A ofensiva do governo do Rio contra os traficantes foi um espetáculo midiático para o planeta ver. Mas especialistas garantem que a questão – assim como outros problemas da cidade – está longe de ser solucionada
Hélio luz vende caro sua adesão ao senso comum. Muito caro. A ponto de, sem qualquer hesitação, enviar de volta à ficção o capitão Nascimento, forte postulante à condição de super-herói nacional. "É estranho. Ele nunca virou major", brinca.
Por mais óbvia que pareça a fronteira entre ficção e realidade, a hipnose gerada pela saga Tropa de Elite, dirigida por José Padilha, parece tê-la esfacelado aos olhos do público médio brasileiro. A massa anseia por encontrar um Wagner Moura rebatizado, de farda preta e faca na caveira, moralizando a bandidagem carioca morro acima, enquanto cospe jargões pegajosos.
Mas Hélio Luz enxerga claro o suficiente para perceber que Tropa não é a vida real, ainda que aborde temas extremamente atuais, como a ascensão das milícias no Rio de Janeiro. Essa resistência contra as armadilhas da indústria cultural é resultado da casca-grossa adquirida pelos anos à frente da Polícia Civil carioca: ele chefiou a corporação entre 1995 e 1997. Na época, sob a gestão do governador Marcello Alencar, o estado se via às voltas com outros problemas: os sequestros. Quando Luz assumiu a cadeira, 140 pessoas estavam nas mãos de grupos armados. Mas ele só conseguiu erradicar a prática quando voltou suas atenções para a área da polícia que se encarregava de seu combate, a Divisão Antissequestro (DAS).

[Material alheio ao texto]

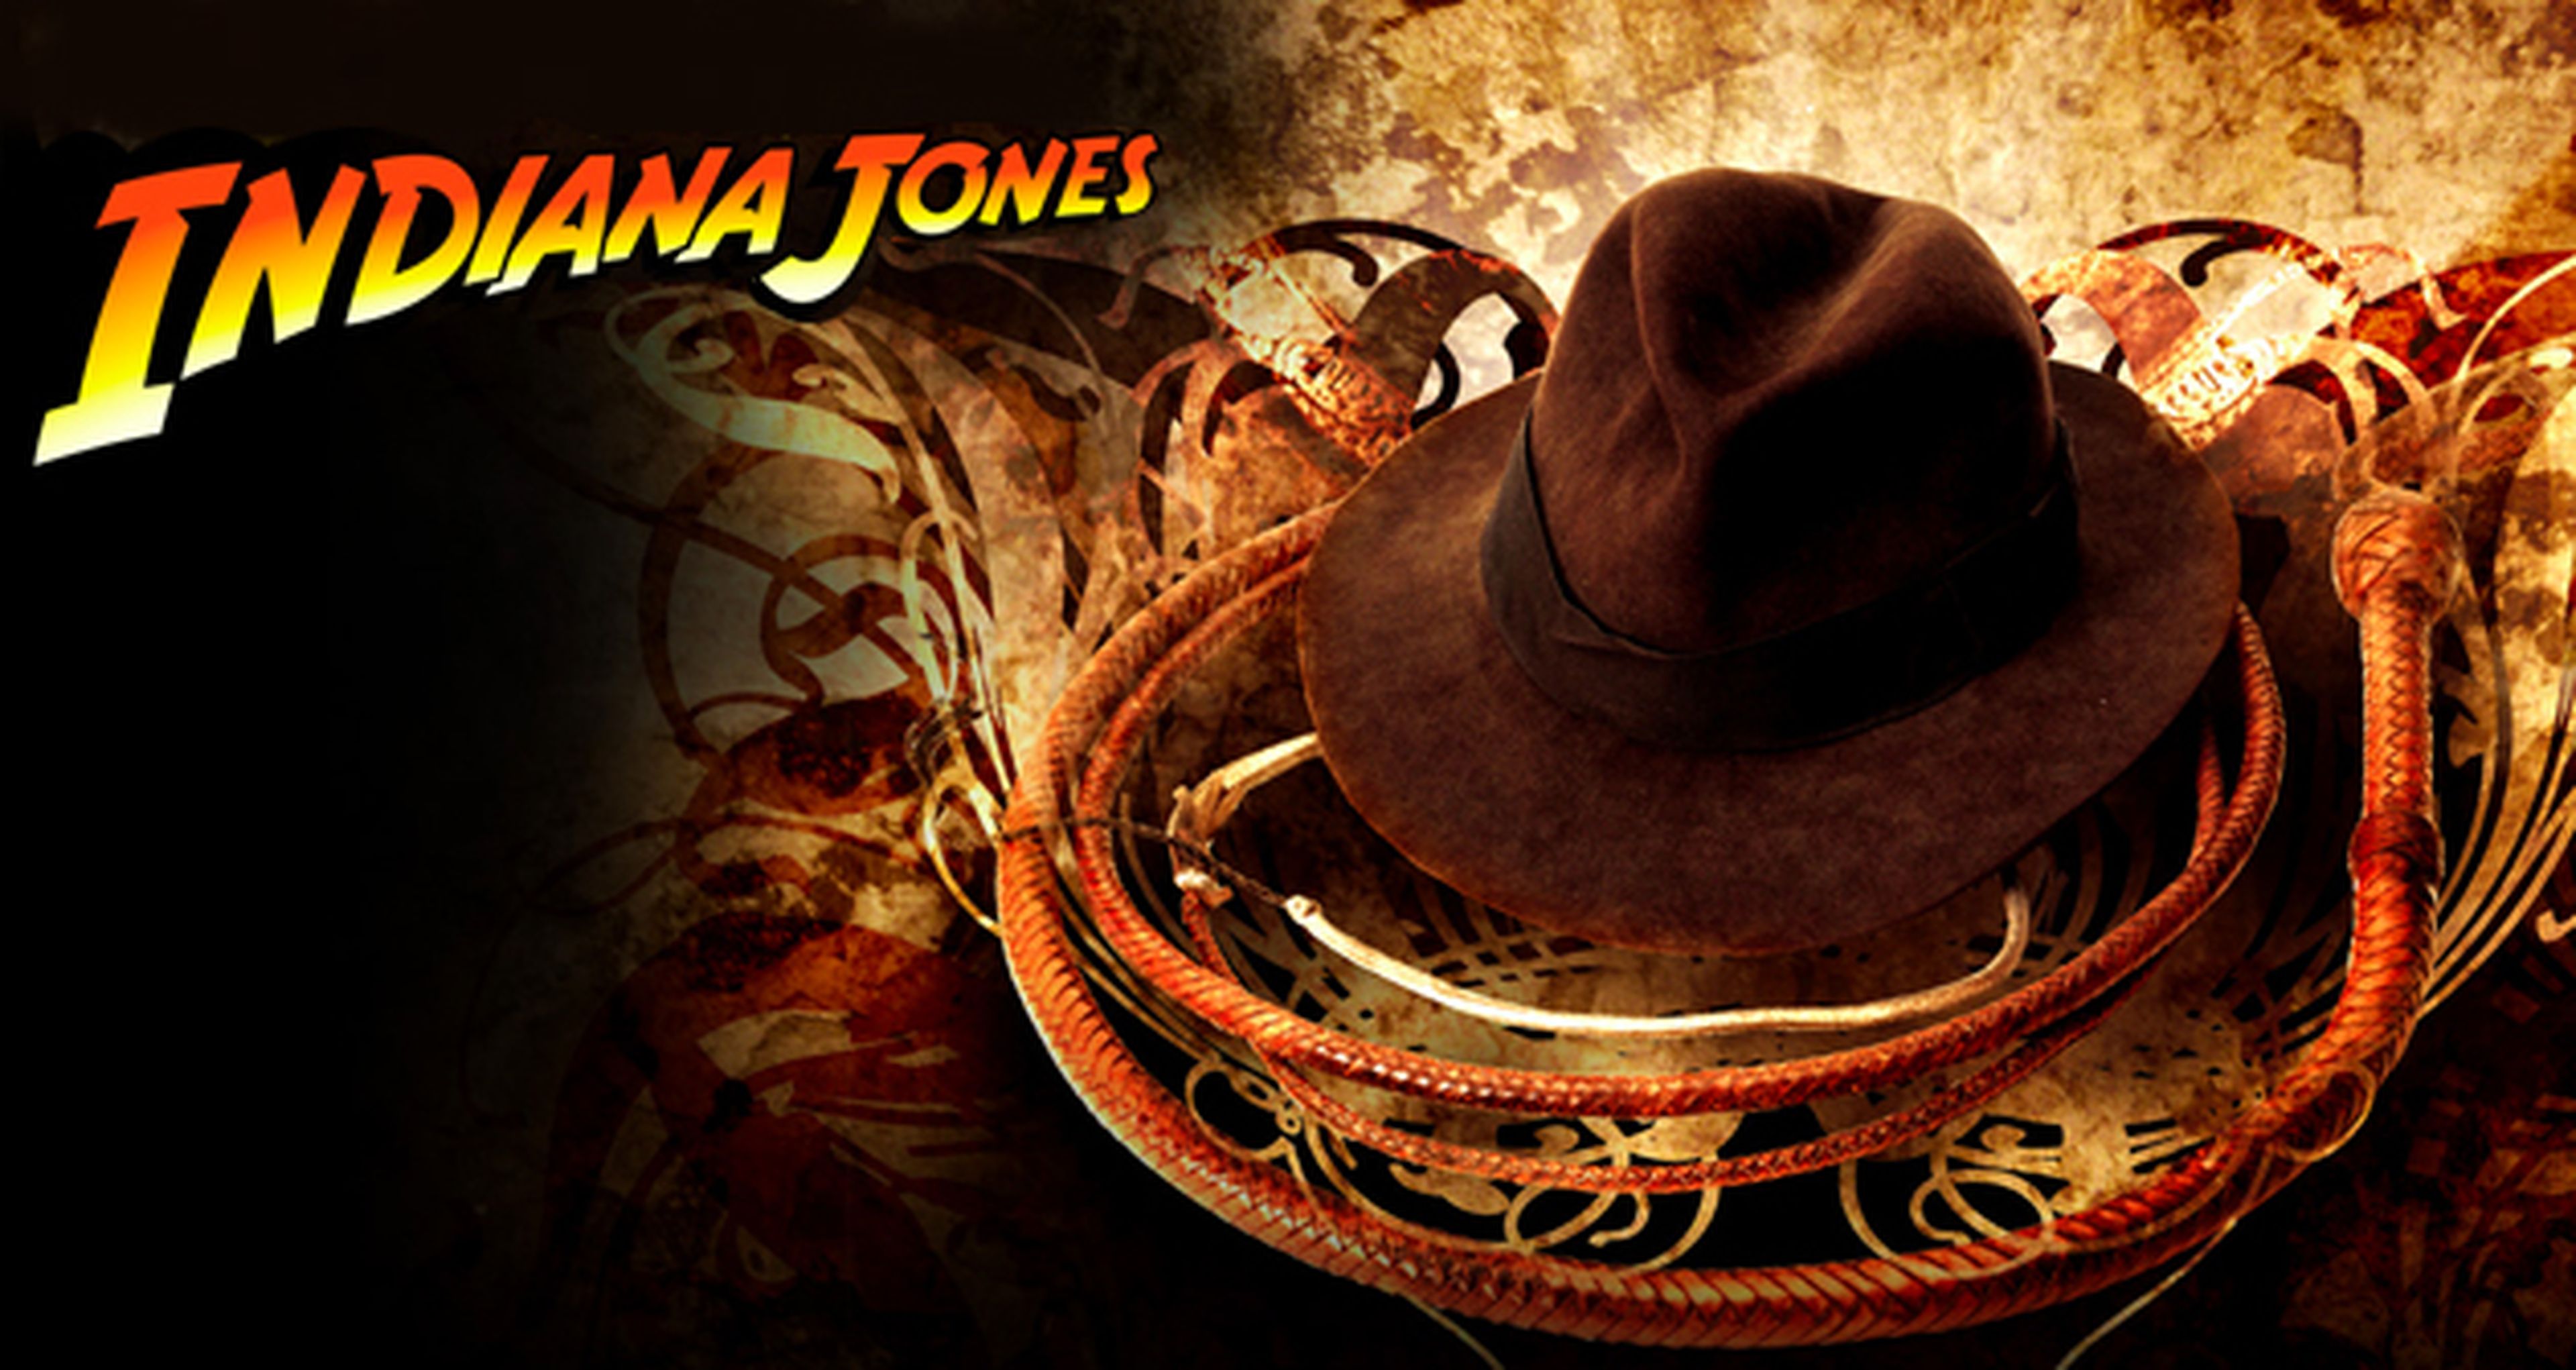 Disney distribuirá Indiana Jones 5

Foi nesse período que deu uma das declarações que até hoje o definem como um policial diferente, para dizer o mínimo: "A DAS parou de sequestrar".
Uma pessoa capaz de, de dentro do mais alto cargo da corporação, lançar um discurso desse calibre, sempre enxergará a criminalidade carioca e as estratégias para contê-la com um olhar mais afiado. Por isso, enquanto assistia ao Rio de Janeiro pegando fogo em fins de novembro de 2010, Luz não teve surpresa alguma. Na verdade, agora na condição de espectador das ações de repressão, o ex-chefe da Polícia Civil, que também foi deputado estadual (pelo PT-RJ), chegou até a se divertir. E mostra que mantém o ceticismo e a virulência nas análises que sempre o marcaram ao debater a megaoperação conjunta de polícia e Forças Armadas. "Não vai alterar nada. O narcotráfico não é crime organizado", Luz afirma. Sem medo algum da impopularidade, ele trataria os arrastões e atentados que alarmaram a capital carioca na semana que antecedeu a ofensiva policial como "questão de ordem pública". "Não se chama o Exército para resolver isso", declara.